Between 2011 and 2013, output in the education sector contracted in each year largely due to falls in both publicly-funded and privately-funded education. However, in 2014, output rose by 15.4 per cent compared to a year earlier and the sector was valued at £9.0 billion. Growth was mainly supported by the first batch of PSBP in addition to the backlogs of repairs. In addition, the UK higher education sub-sector is also currently benefiting from increased investment and will boost activity going forward. Also, more recent data suggest new orders rose by 9.9 per cent in 2014 compared to 24.2 per cent in 2013, which is likely to feed through into activity for the sector over the next 12–18 months.

Current schemes

In 2013, the PSBP began its first projects to address those schools in the worst conditions and requiring urgent repair. Through the programme, 260 schools will be rebuilt or refurbished across England. Of the total number of schools, 214 schools will be funded through a capital grant and 46 via a £700 million private funding initiative.

Four years after the programme’s inception, as of June 2015, only 25 of 260 schools have been completed and 138 have construction contracts approved.
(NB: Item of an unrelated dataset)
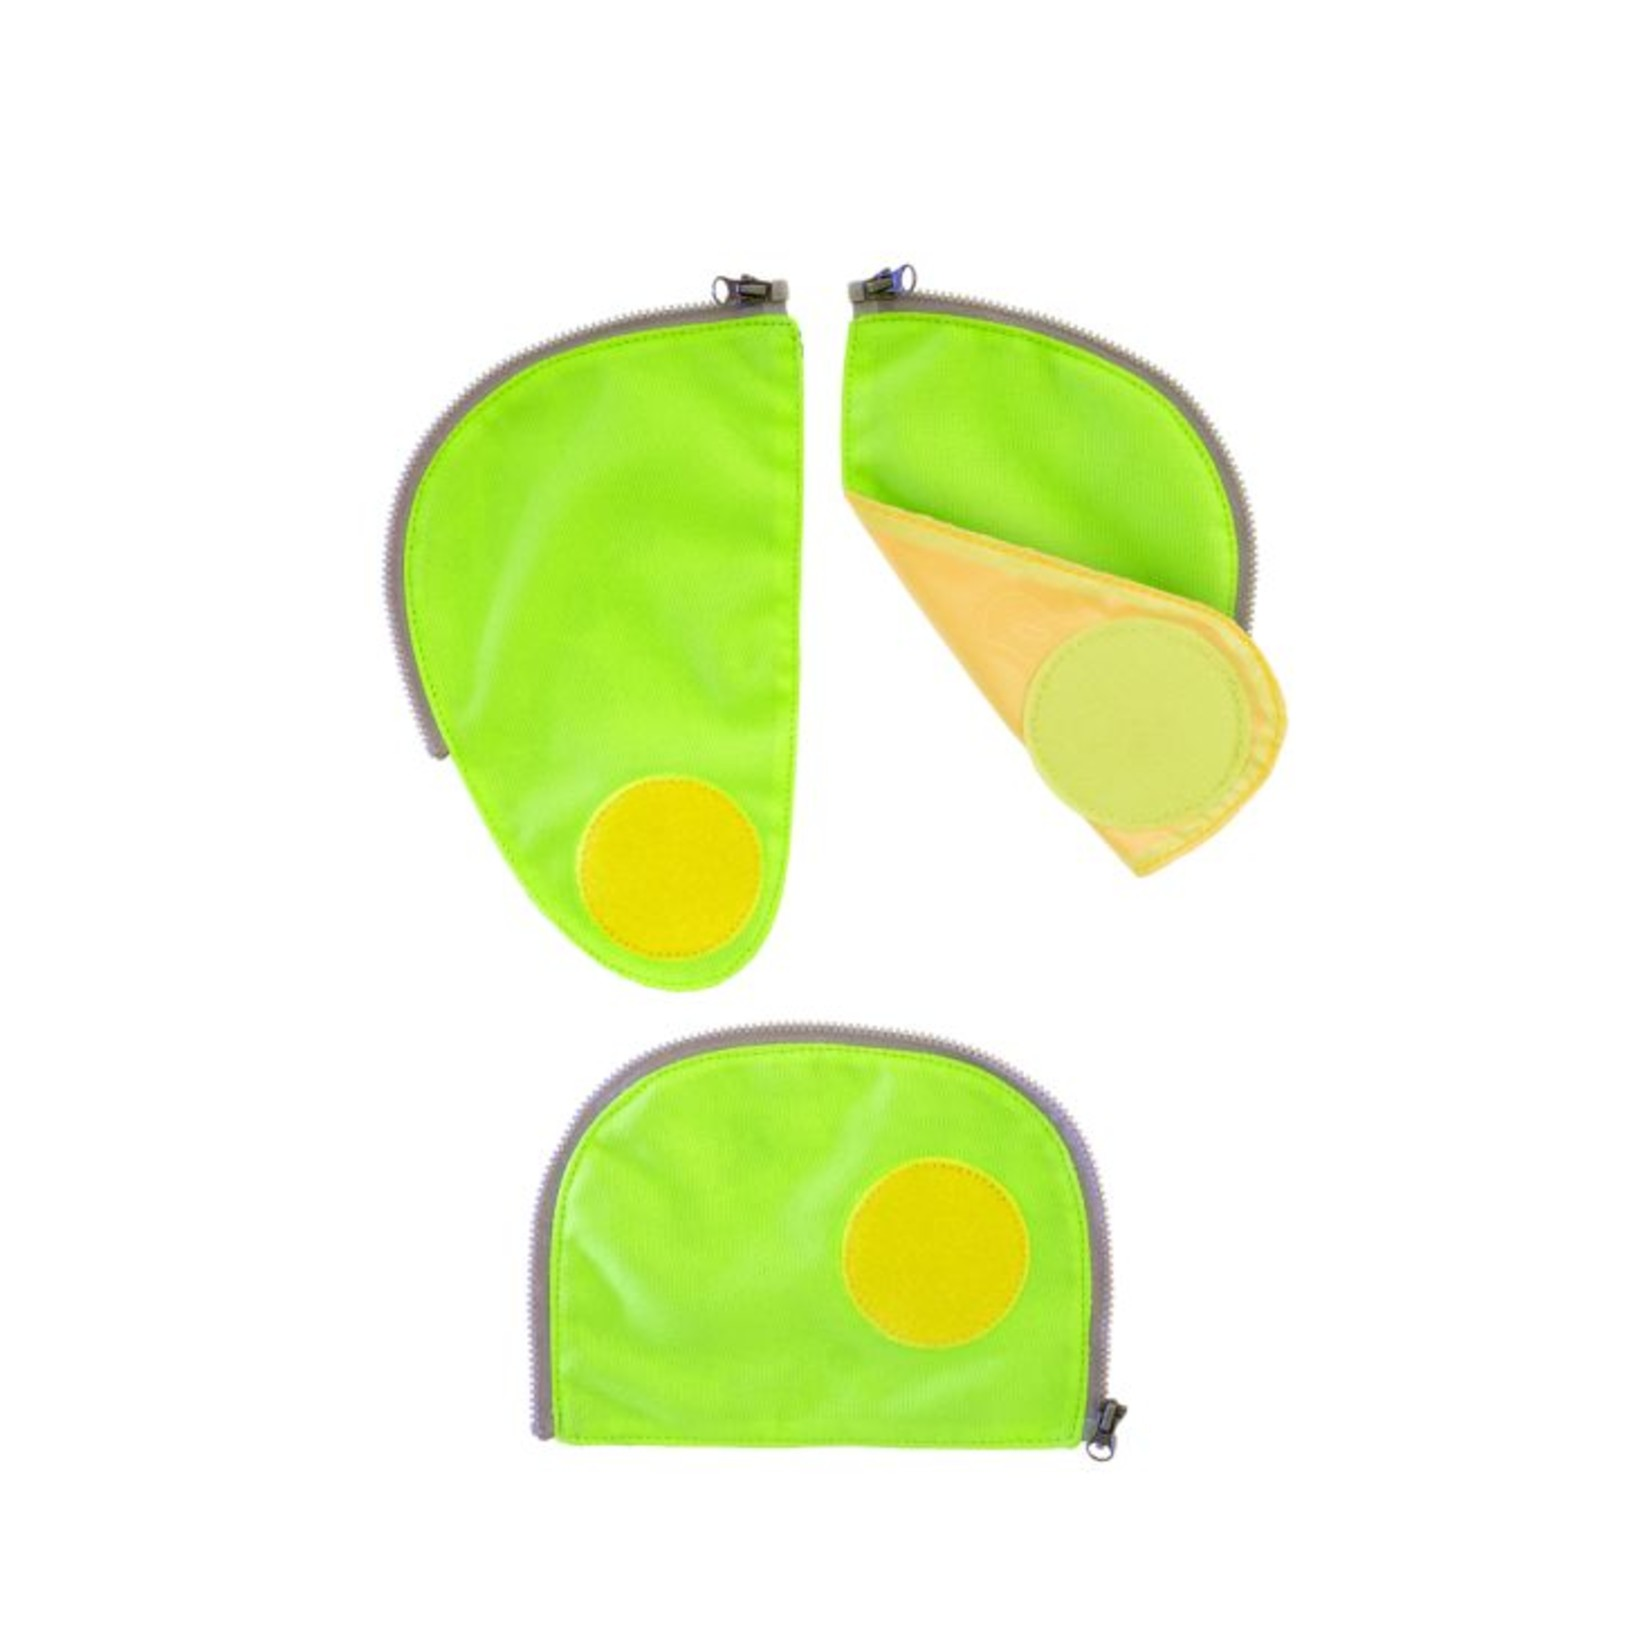 Ergobag Sicherheitsset 3tlg., grün

Despite schools being developed at a much cheaper cost under the PSBP compared to the previous school building initiative (Building Schools for the Future), primarily owing to smaller buildings and more standardised designs, progress has been slow. Activity has been held up by delays with procurement and achieving private finance. The first three of five batches under Private Finance 2 (PF2) secured funding in March, with the remaining two delayed until August. Construction on all schemes under the first batch started earlier this year with the first due for completion in August 2016. Construction on most of the other batches is currently underway with the fourth batch expected to begin in June 2016. Potential delays have been flagged, however, which could move PSBP activity beyond its initial target completion date of 2017.


  • First batch: seven schools in Hertfordshire, Luton and Reading worth £150 million
  • Second: 12 schools in the North East worth £160 million
  • Third: 12 schools in the North West worth £110 million
  • Fourth: seven schools in Yorkshire worth £120 million
  • Fifth: eight schools across the Midlands valued at £190 million


In addition to the existing PSBP, the government announced in May an additional £2.0 billion funding for a second programme, PSBP2, which will undertake rebuilding and refurbishment projects across 277 schools between 2015 and 2021.

Higher education

Despite higher tuition fees and a 1.7 per cent fall in the total number of students over the 2013/14 academic year, according to the Higher Education Statistics Agency (HESA) the demand for student accommodation and investment into university facilities has risen. Student accommodation is mainly a derived demand from full-time students, which increased over the academic year 2013/14, whilst foreign student numbers have continued to rise. While this trend is expected to continue, the removal of the student number cap for UK universities this year is likely to provide a boost to student numbers.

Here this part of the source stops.